Off Sick
Allow your imagination to run, say, a minithon, then imagine that's me in the above picture. Oh I know it's quite a stretch (it'd better be!!!) since you'd have to picture me with hairy man legs, stocky arms, in the buff from waist-down, and straddling a toilet.
Now that I've managed to conjure that lovely image in your mind-- Hold.It.Right.There. Feel the need to hurl yet? Well, c'mon down and join my barf-fest!
I have been - for the past few days - confined to a corner in my black and white tiled bathroom. Thus explaining my absence in blogging, although I'm quite sure some of you would've enjoyed my blow-by-blow accounts 'on location'. =)

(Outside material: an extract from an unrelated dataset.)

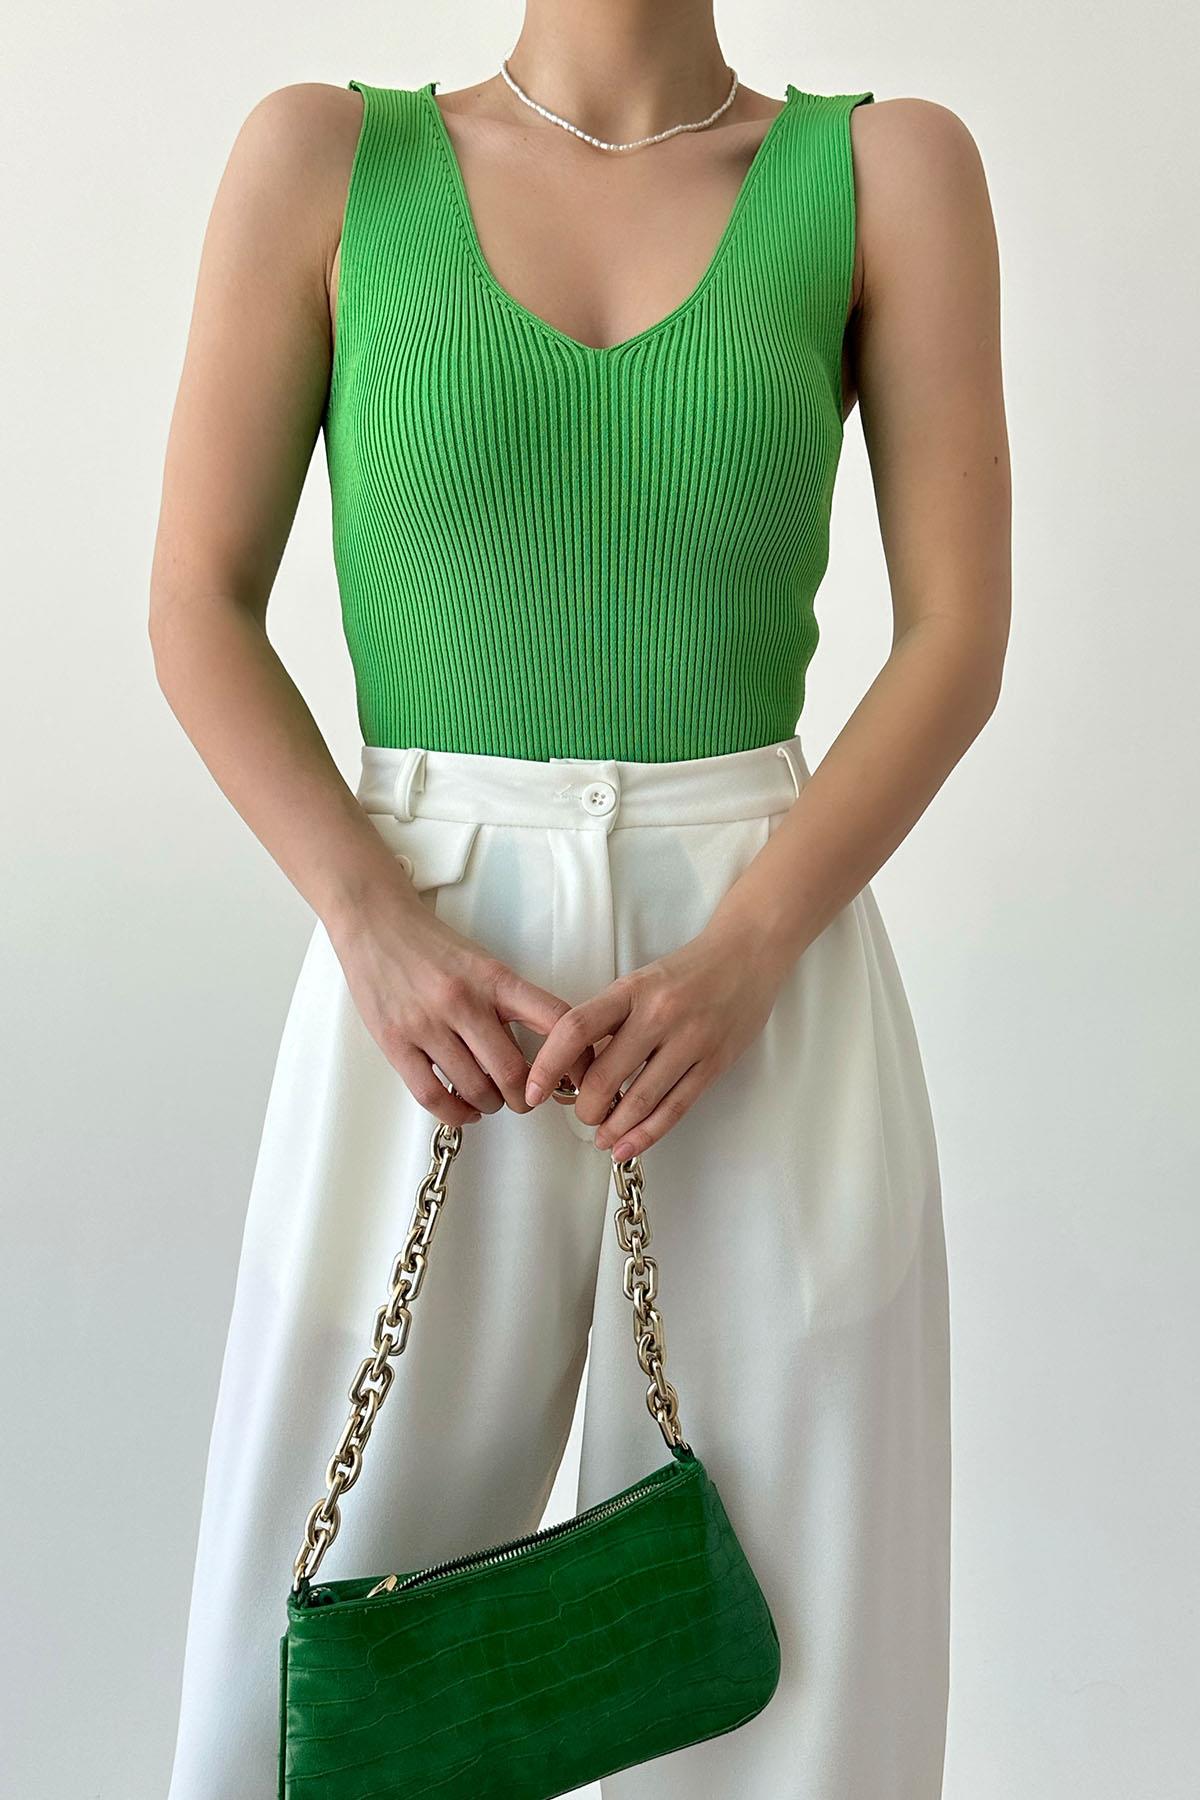 A wholesale clothing model wears V Neck Knitwear Singlet - Pistachio Green, Turkish wholesale Undershirt of Qustyle

So where was I? Ah yes. That picture depicts my position of late. If I wasn't seated, I'd be grasping the smooth, curvaceous sides of the ceramic bowl in a tight embrace, the words 'Armitage Shanks' staring brazenly at me while I keeled over and hurled out every single meal along with all my innards, and drowning the silence with horrible retching noises that reverberated round the four walls of the WC.
I have been held under house arrest, imprisoned in the toilet, if not shackled to the bed. I am indisposed and green from the ghastly fumes which are emitting through some of my orifices (don't make me name them!) even as I type.
Ahhhhhh... don't you just love vicariously living such adventures through me? *wink*
2 comments:
wah ... lao ... eh.
That explains the smell that we've been getting around in spore.
:P heehee...
Hope you get better soon!
Uhm, you sure it's not 'something else'?